Delta Air Lines (DAL) reported its October operating metrics on Monday. Its traffic outgrew its capacity, expanding for a 21st month straight by 5.2% YoY (year-over-year). Delta’s capacity (or available seat miles) grew just 5.1%, meaning the company managed to attract more passengers and filled extra seats. As a result of its higher traffic growth, Delta’s load factor rose by ten basis points YoY to 85.6% in October.
Furthermore, Delta disclosed it carried 17.5 million passengers last month, a record for October. Strong corporate and leisure travel demand appear to be driving Delta’s passenger traffic. The company may also be benefiting from its traffic-driving initiatives, which include low airfares, alliances, and reward programs.
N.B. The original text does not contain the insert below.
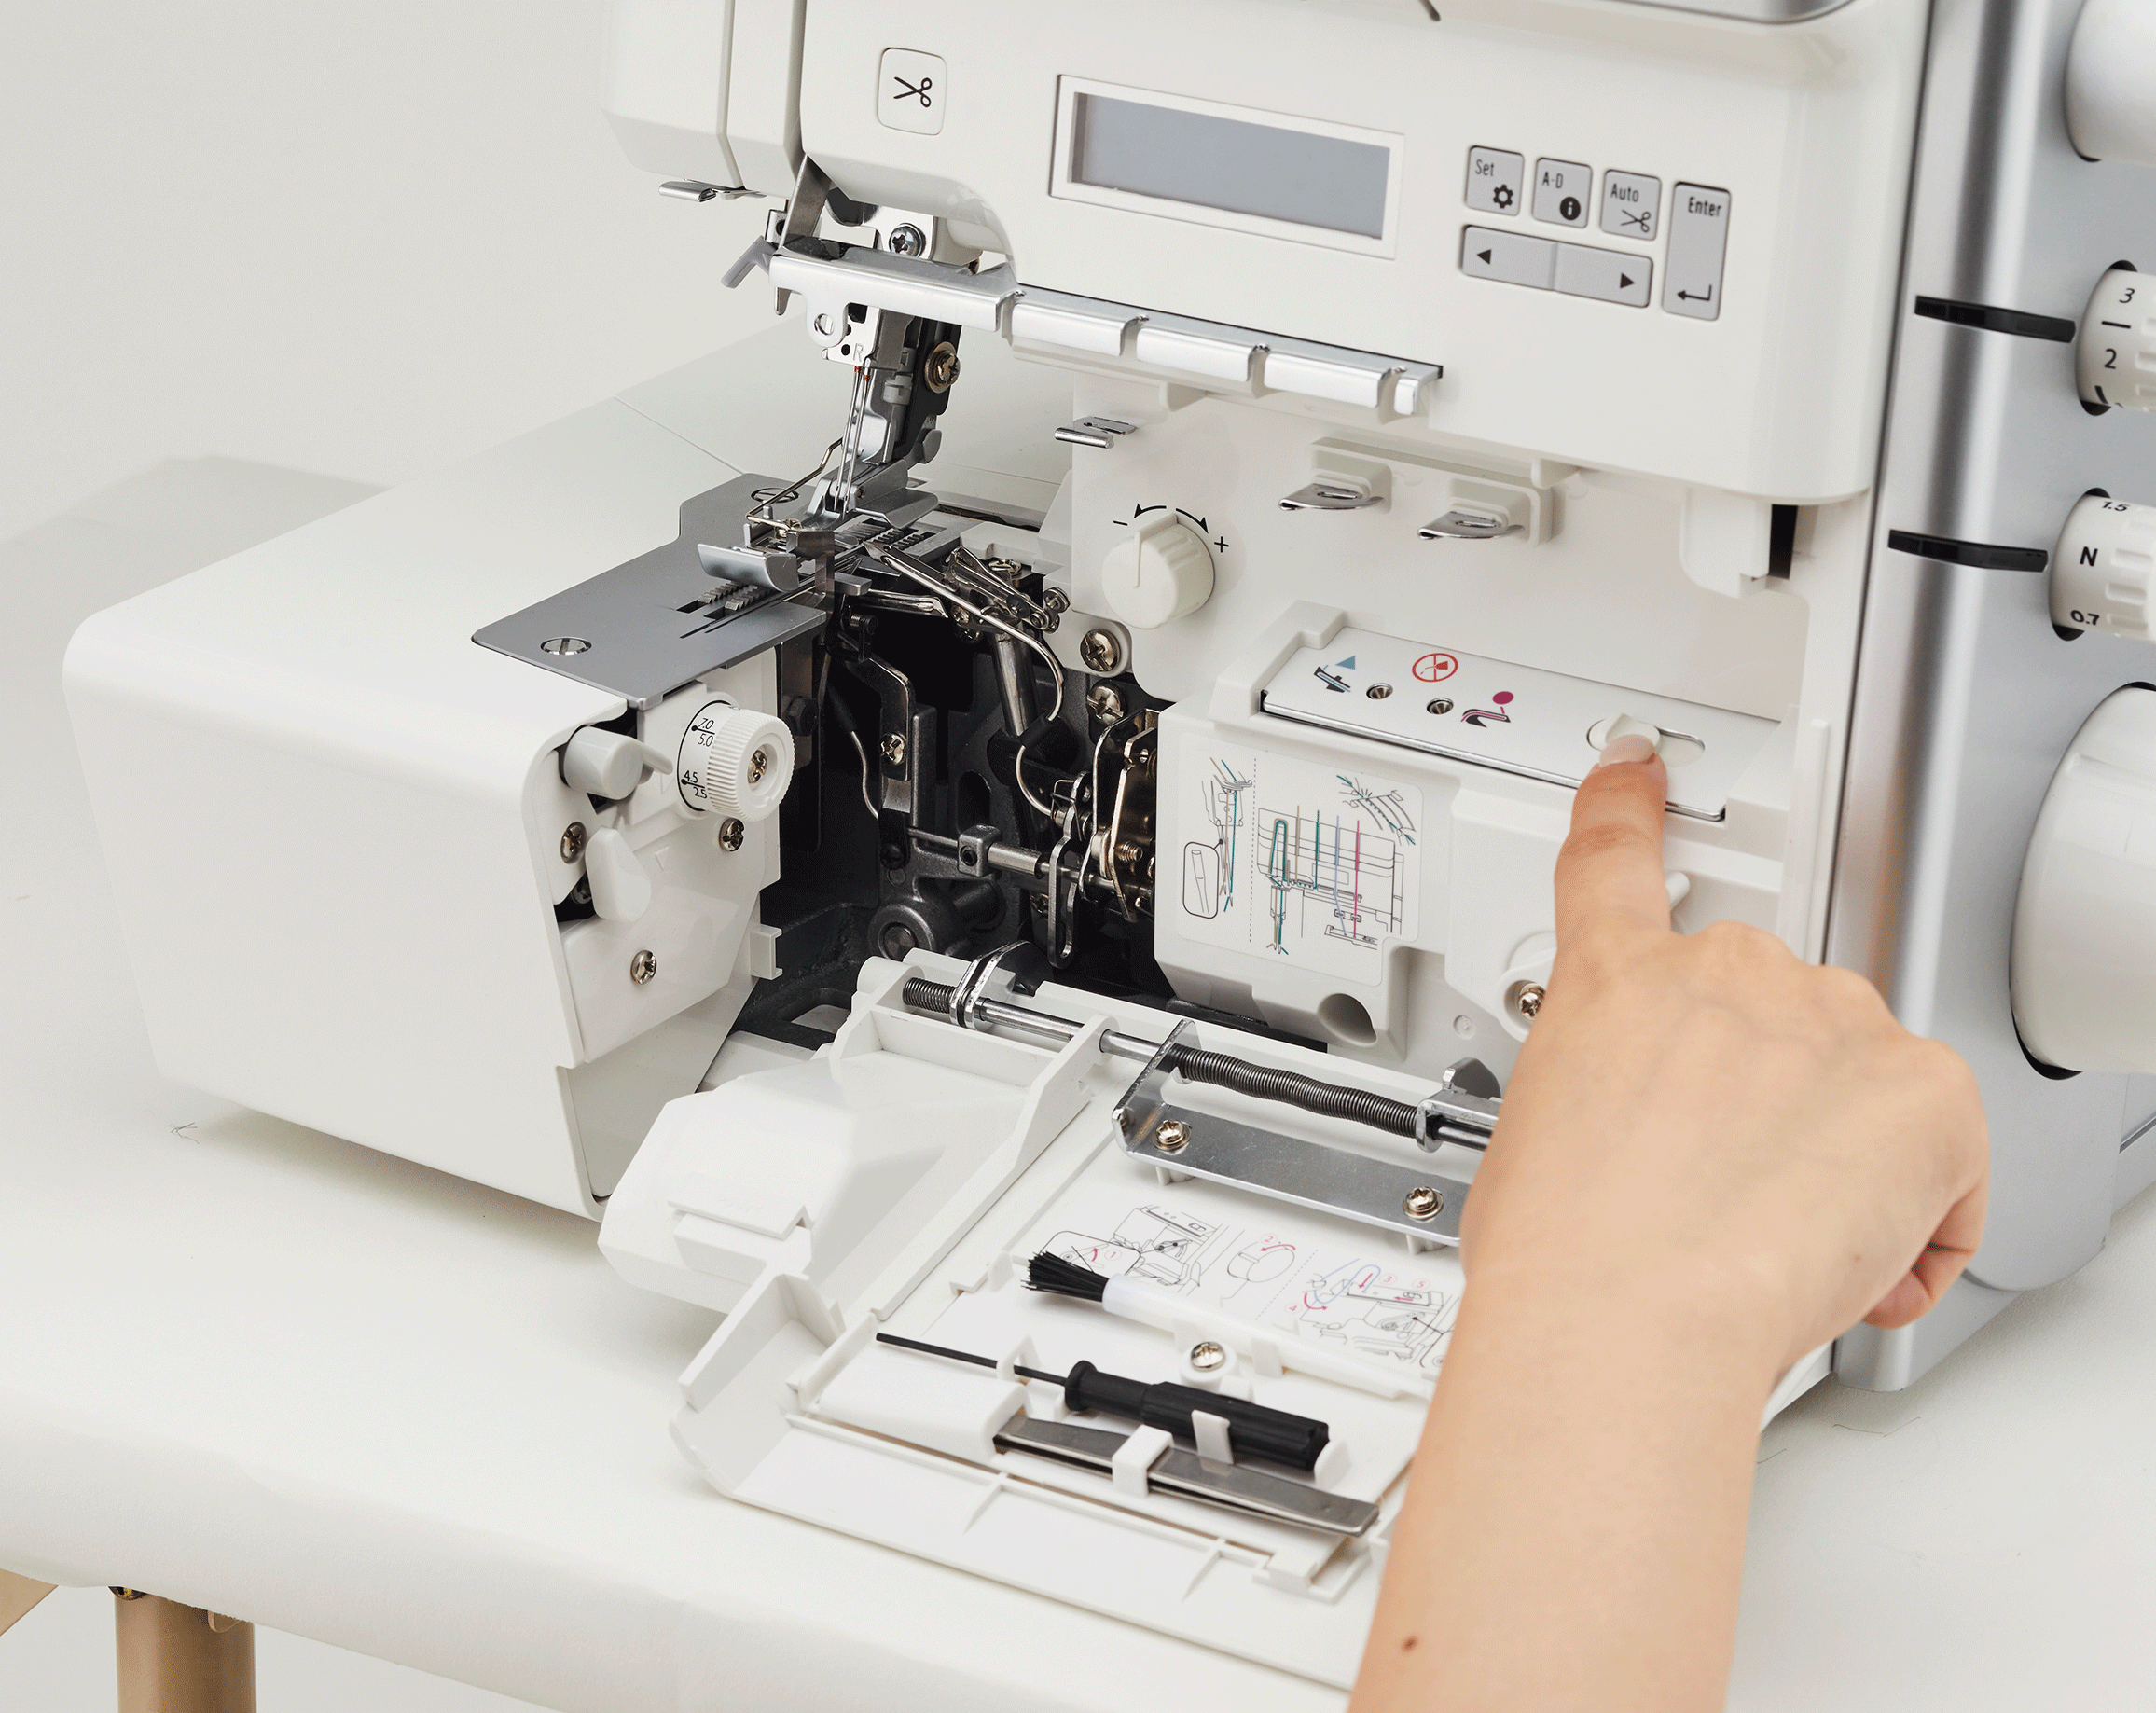 JUKI Akane MO-3000QVP Sewing Machine view of machine with inside exposed

From January to October, Delta’s traffic grew 5.6%, while its capacity grew 4.6%. As a result, its load factor improved by 80 basis points in that period to 86.4%.
Delta’s traffic growth by region
Delta’s traffic grew both domestically and internationally. Last month, its US traffic grew 6.2% YoY, and from January to October, it grew 6.9% YoY. The airline’s international traffic grew 3.6% in October, mainly due to a 5.3% rise in the Atlantic region. Its passenger traffic across the Pacific and Latin America regions grew 0.8% and 2%, respectively.
From January to October, Delta’s traffic grew 3.4% internationally. Its Pacific and Atlantic traffic grew by 3.6% and 5%, respectively, while its Latin America traffic fell 0.5% YoY.
Delta adding capacity on profitable routes
Delta is focusing on realigning routes and increasing its profitable routes’ capacity. The company’s operating statistics over the last year show state massive capacity additions across its trans-Pacific and trans-Atlantic routes.
Last month, the company increased its capacity across the Atlantic and Pacific regions by 5.1% and 4%, respectively. From January to October, its Atlantic and Pacific seating capacity grew by 5% and 5.2%, respectively.
The company’s focus on increasing its profitable routes’ capacity is boosting its unit revenue. In Q3, the company’s unit revenue rose by 2.5% YoY to $0.1657, outgrowing most peers’.
In the third quarter, American Airlines’ (AAL) and United Airlines’ (UAL) revenue grew 2% and 1.7% YoY, respectively. Southwest Airlines’ (LUV) revenue grew the most among the top four US carriers, by 4.2% YoY.
Delta stock performance
This year, Delta stock has gained 15.2%, outperforming most peers. Southwest and United Airlines have gained 24.5% and 11.2%, respectively, while American Airlines has fallen 2.9%.
Nonetheless, Delta has underperformed the broader US market and the iShares Transportation Average ETF (IYT), of which 20% is allocated to the passenger airline industry. This year, the Dow Jones and S&P 500 have risen 17.9% and 22.7%, respectively, and IYT has risen by 20.2%.